Die Rücksichtnahme auf den Spender erwies sich als Fehler. Der Buddha erkrankte an der Ruhr und wurde von quälenden Koliken befallen. Geschwächt und matt brach er trotzdem auf und verließ Pava in Richtung Kusinara. Immer wieder zwangen ihn Krämpfe, sich seitab von der Straße zu erleichtern und am Wegrand auszuruhen.
Zu den Koliken und dehydrierenden Durchfällen kam der Durst. Auf seine dringende Bitte um Wasser wies Ananda darauf hin, der nahegelegene Bach sei von Ochsenkarren aufgewühlt und liefere nur lehmiges, zum Trinken ungeeignetes Wasser; es sei besser, zu dem nicht mehr fernen Kakuttha-Fluß (heute Badhi oder Barhi) weiterzuwandem. Aber der Meister beharrte auf seinem Wunsch und trank von dem Bachwasser, das sich inzwischen gesetzt und geklärt hatte (D 16, 4, 20-25).
In diesem Moment kam ein Mann des Malla-Stammes vorbei, Pukkusa mit Namen. Er sprach den Buddha an, wobei sich herausstellte, daß Pukkusa ein Anhänger des Alara Kalama war, unter dessen Mentorschaft Gotama vor seiner Erleuchtung religiöse Studien getrieben hatte. Als Pukkusa die beschmutzten Gewänder des kranken alten Mannes und seines Adjutanten sah, ließ er von einem Diener rasch zwei Tücher besorgen, die er dem Buddha und Ananda zum Geschenk machte (D 16, 4, 26-35).
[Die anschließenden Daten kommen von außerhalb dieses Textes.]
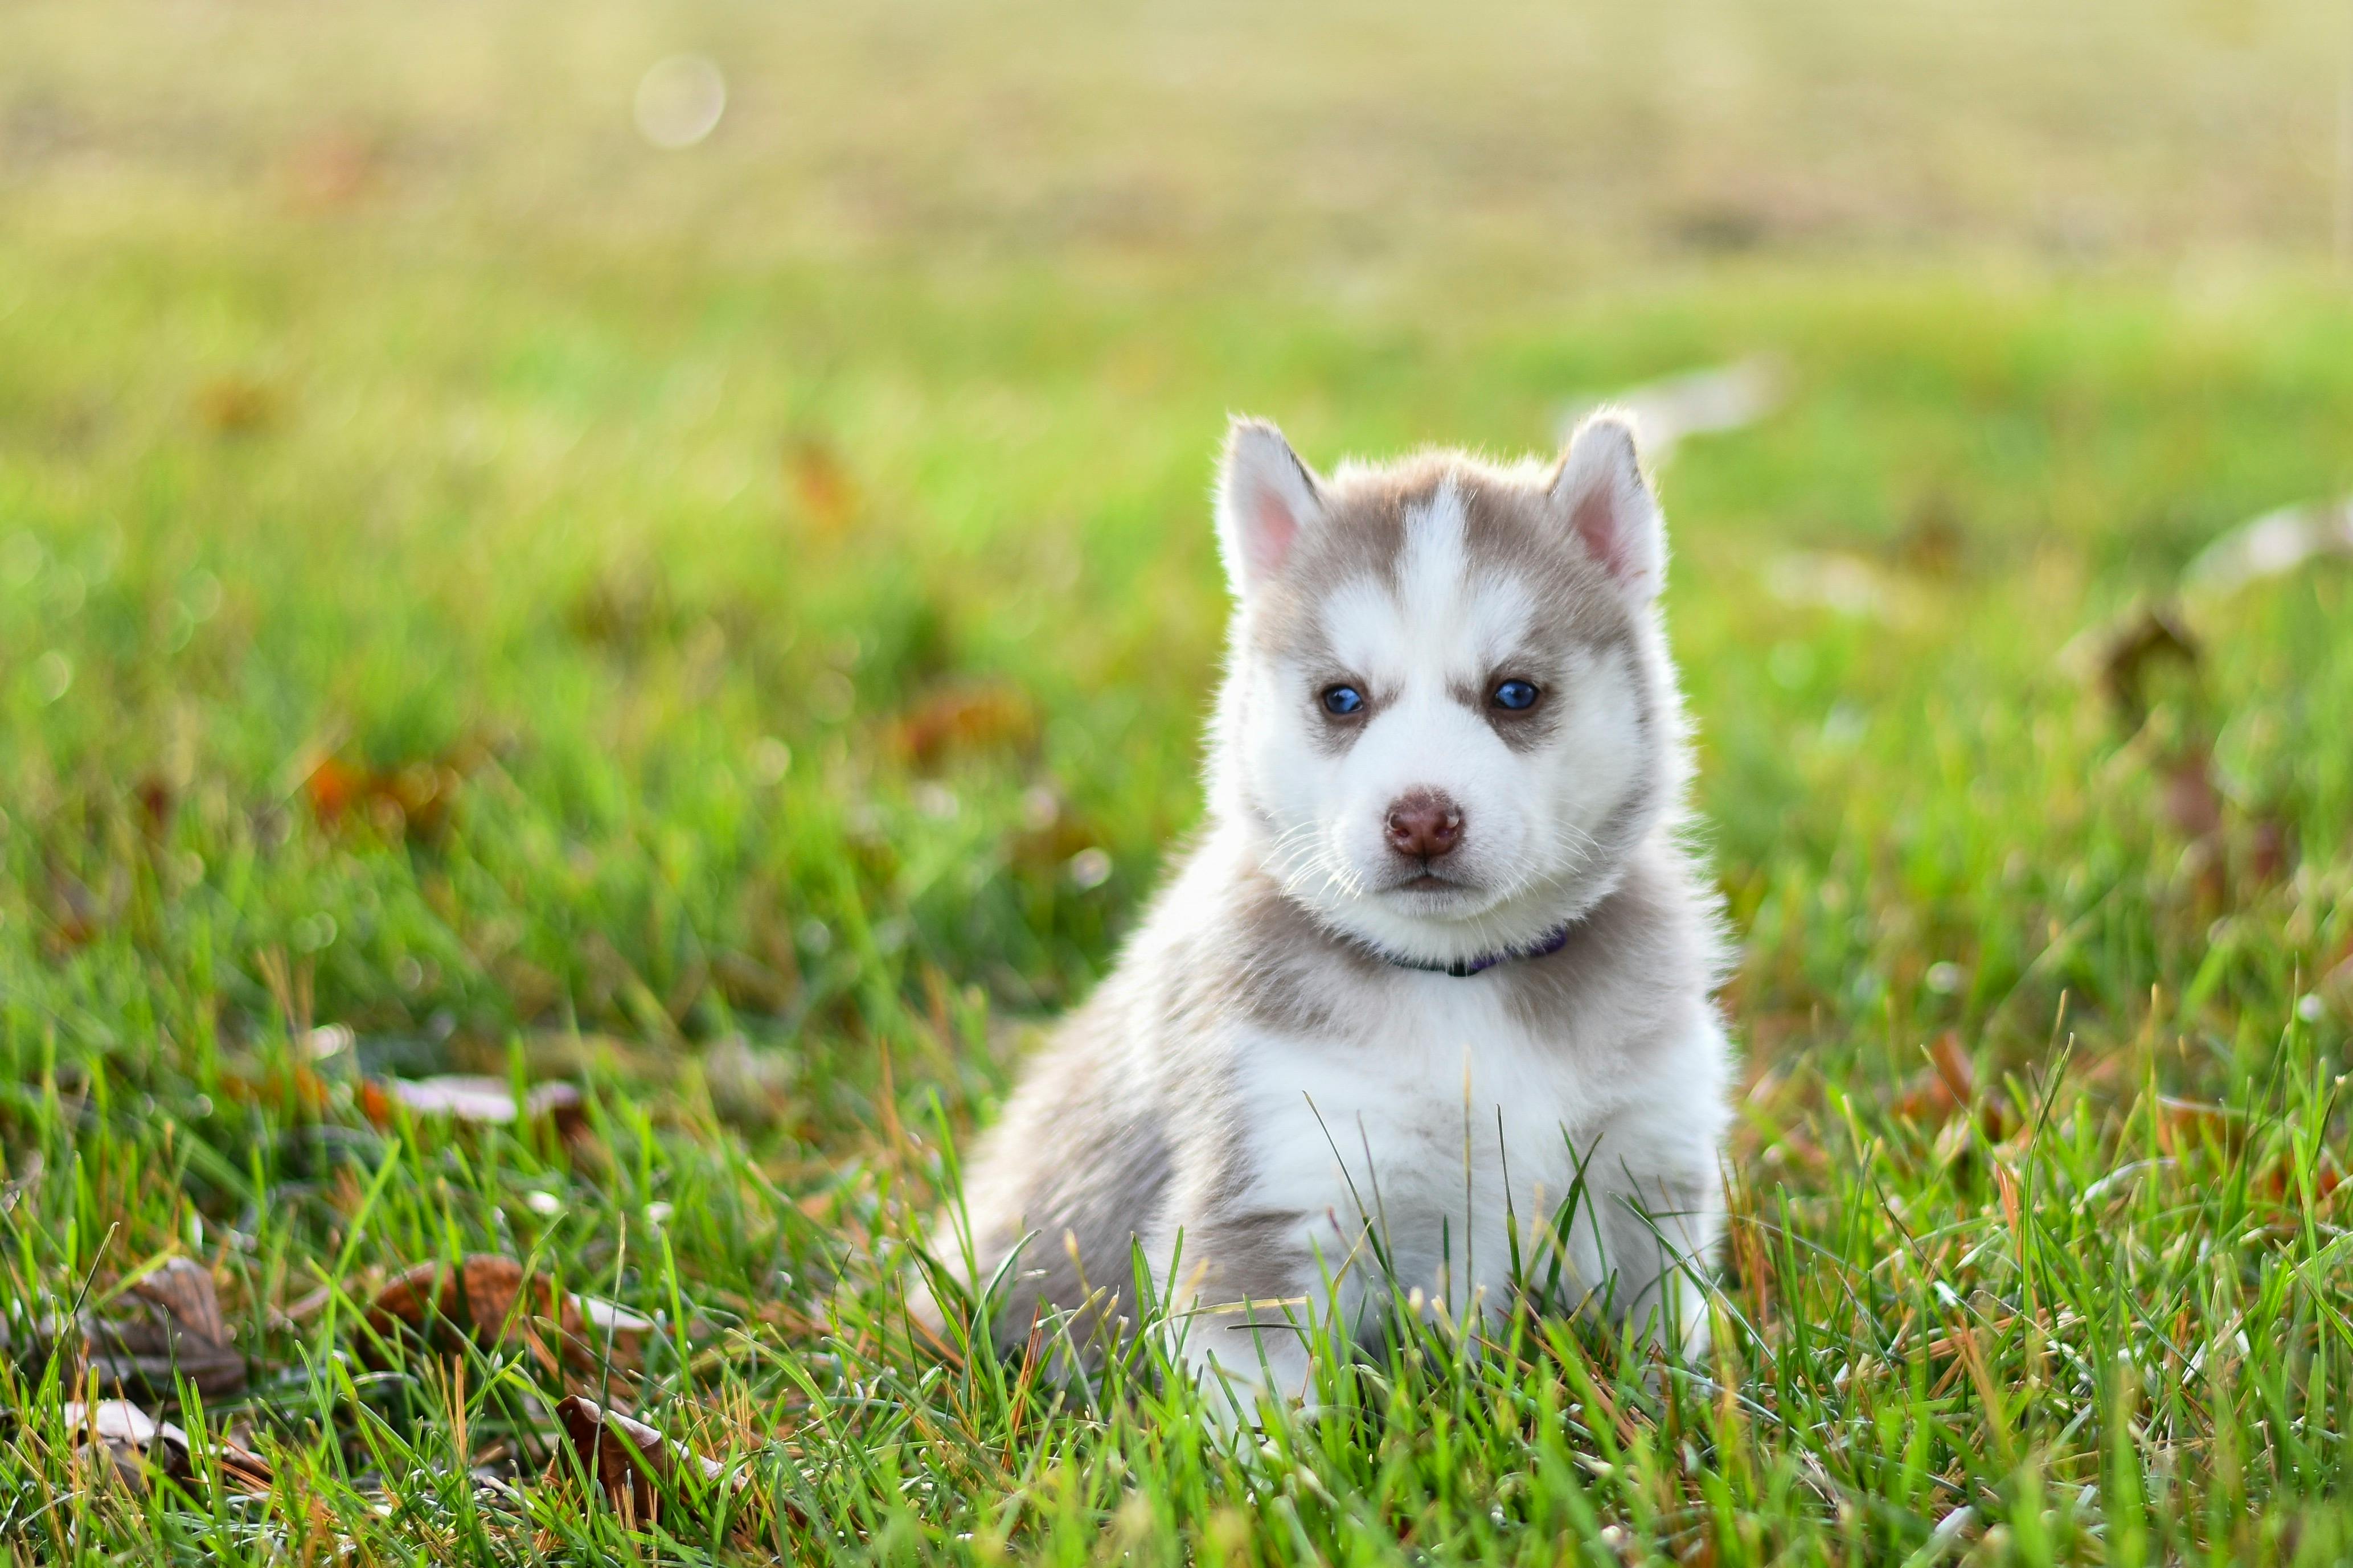 An adorable puppy playing on the grass. | Photo: Pexels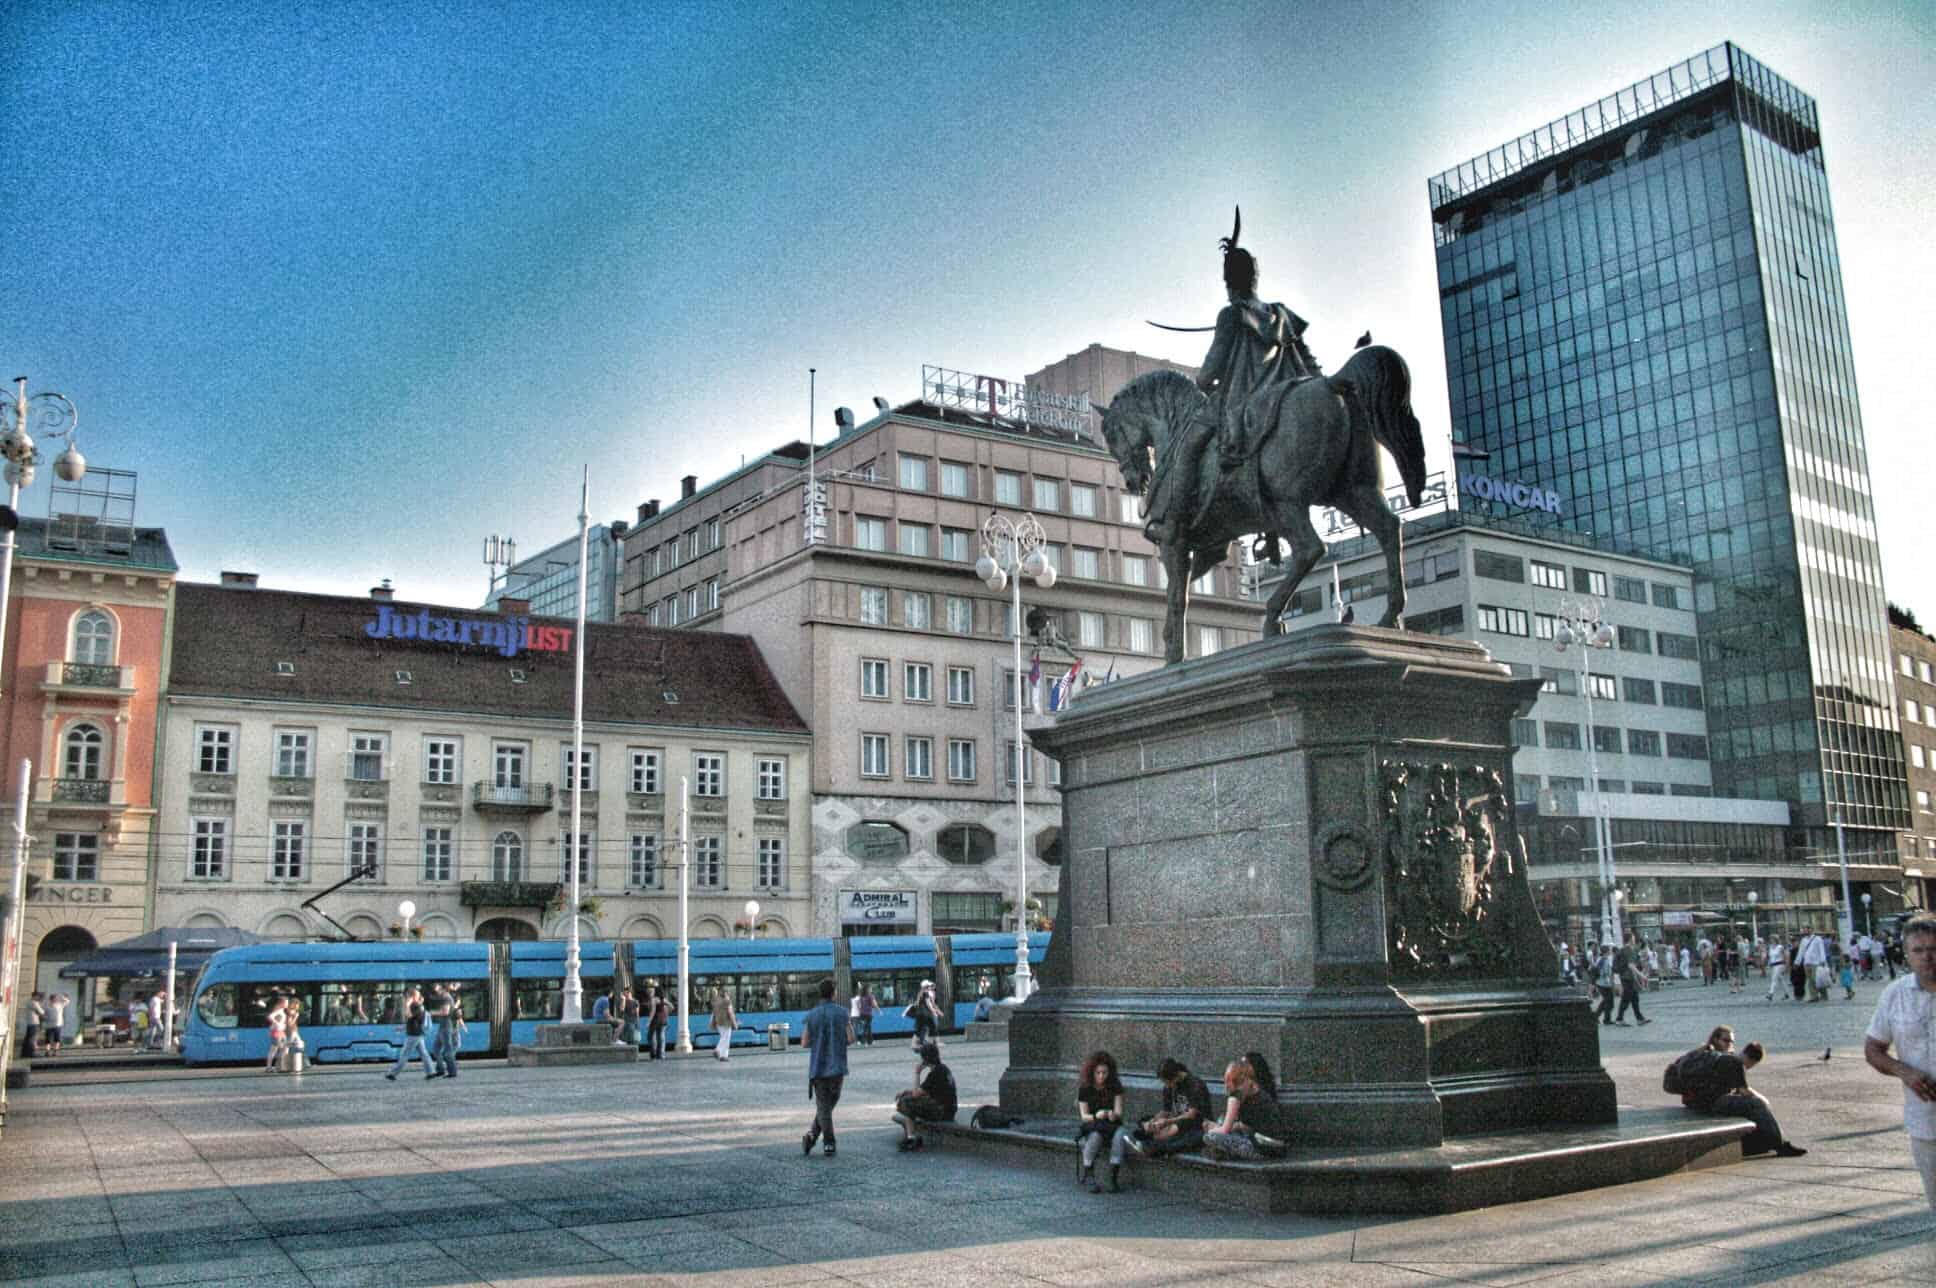 Sightseeing in Zagreb - Trg Ban Jelacic

Nachdem Pukkusa außer Sicht war, setzte sich die kleine Schar erneut in Marsch und erreichte die Kakuttha, wo der Meister trank, sich wusch und am anderen Ufer ausruhte nachdem der Novize Cundaka ihm dort unter Mangobäumen das Obergewand als Bodendecke ausgebreitet hatte. Cundakas Anwesenheit brachte dem Buddha den Schmied Cunda in Erinnerung, in dessen Haus er sich die Speisevergiftung zugezogen hatte, und er schärfte Ananda ein, der Orden möge dem Schmied, der das Beste gewollt hatte, keine Vorwürfe machen (D 16, 4, 37-42). Sobald er wieder etwas zu Kräften gekommen war, ging die Wanderung weiter. Der matte Lehrer durchwatete mit seinem Gefolge den Hirannavati-Fluß (heute Little Gandak) und erreichte Kusinara, die ihm von früheren Besuchen (M 103; A 10, 44) bekannte zweite Hauptstadt des Malla-Stamms.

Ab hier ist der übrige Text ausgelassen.